The terms Ngāti Whātua-whānui or Ngāti Whātua-tūturu – meaning ‘wider’ or ‘true’ Ngāti Whātua – refer to the confederation of four tribes occupying the lands between the Hokianga Harbour and Tāmaki (Auckland). The tribes are Te Roroa, Te Uri-o-Hau, Te Taoū and Ngāti Whātua-o-Ōrākei. The shorter title of Ngāti Whātua is sometimes used to describe both the wider confederation and the fourth member group. While it is tempting to think of the four groups as hapū (clans or descent groups) of a single iwi (tribe), each is actually an independent tribe that can act with others or independently.

The Ngāti Whātua tribes share a common heritage. They are descended from the ancestor Tuputupuwhenua (sometimes known as Tumutumuwhenua). Each tribe is affiliated with the Māhuhu-ki-te-rangi canoe, which landed on the west coast between Kaipara Harbour and the Hokianga. And they share links with the ancestors who migrated from Muriwhenua and intermarried with, and then subsumed, groups living in the region the tribes occupy today.

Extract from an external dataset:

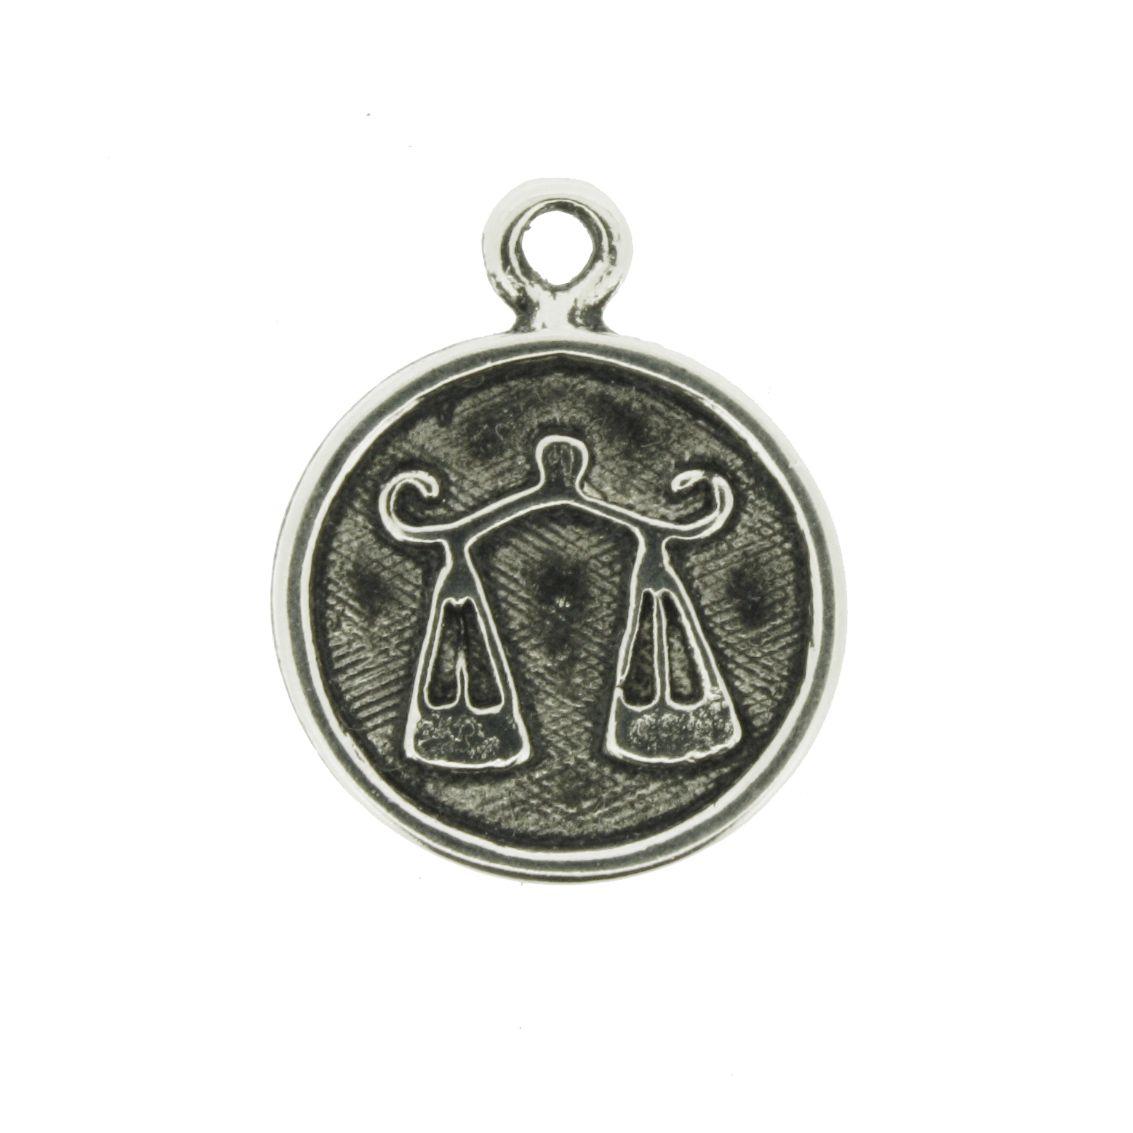 Pingente - Signo Libra - 21mm  - Universo Religioso® - Artigos de Umbanda e Candomblé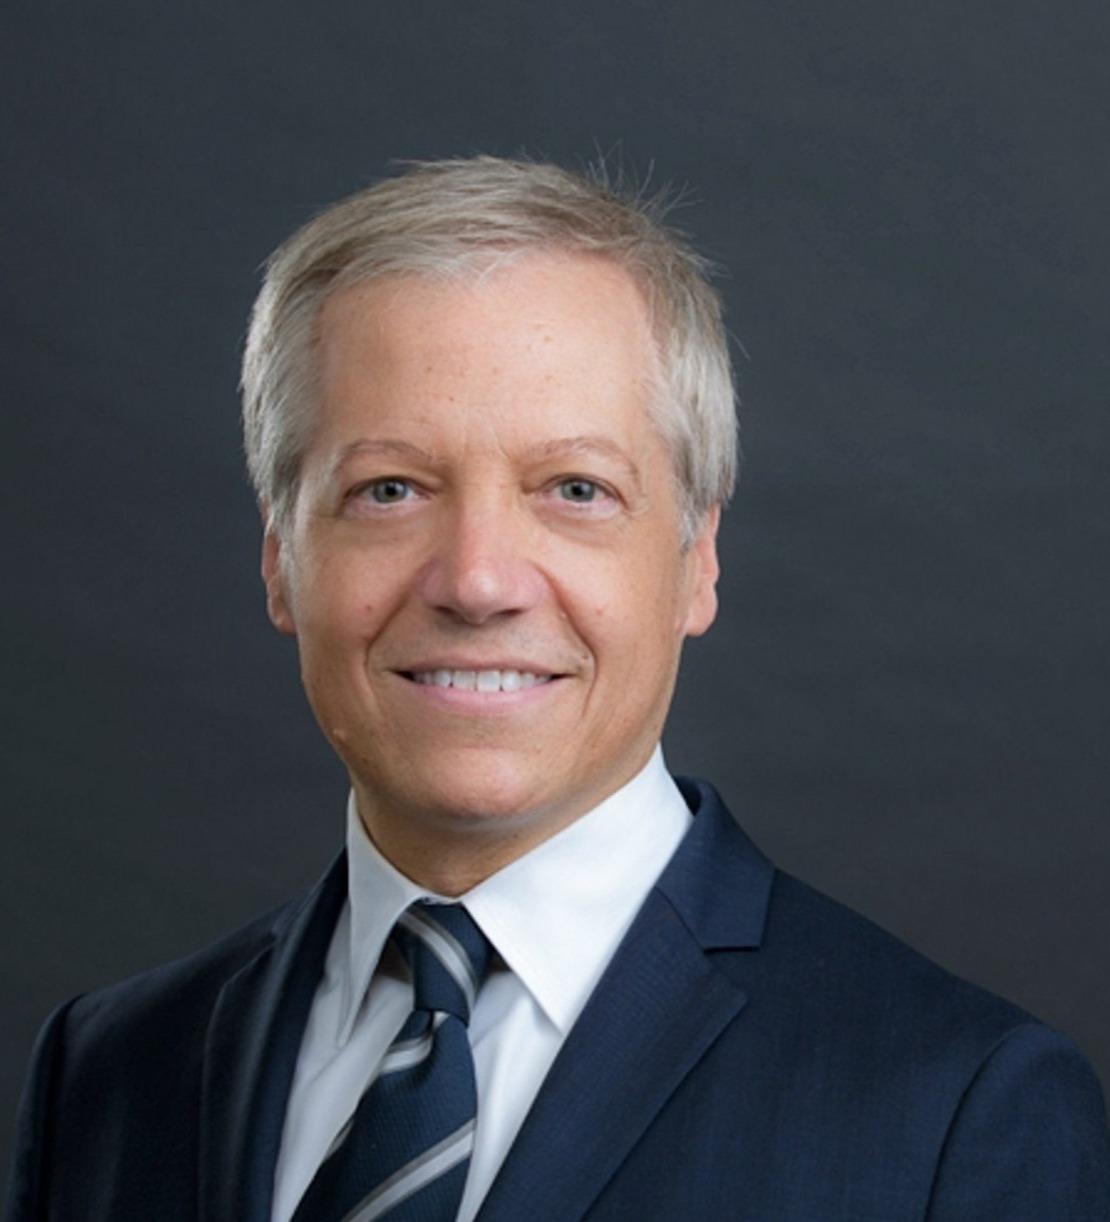 Michael N. Santeufemia

The ancestor Tuputupuwhenua–Tumutumuwhenua

Northern Ngāti Whātua groups like Te Roroa believe that Tuputupuwhenua emerged from the ground and describe him as a spring gushing from the earth, the source of the life-giving waters of the land. They say that Tuputupuwhenua’s descendants Ngāi Tuputupuwhenua, and the descendants of his wife Kui, Te Tini-o-Kui (the many of Kui), were the earliest occupants of the Waimamaku valley and Waipoua Forest.

Southern groups name this ancestor Tumutumuwhenua and agree that he emerged from the ground. He married two women: Te Repo, who was a mystical being visible only to those with second sight; and Kui, who introduced the gourd and taro to New Zealand.

Māhuhu-ki-te-rangi

Māhuhu-ki-te-rangi is the main ancestral canoe of Ngāti Whātua. Māhuhu made its first landfall on the east coast of Northland, exploring the bays between Whangaroa, Tākou and Whangaruru, before arriving in Pārengarenga Harbour. The canoe then rounded North Cape and sailed down the west coast.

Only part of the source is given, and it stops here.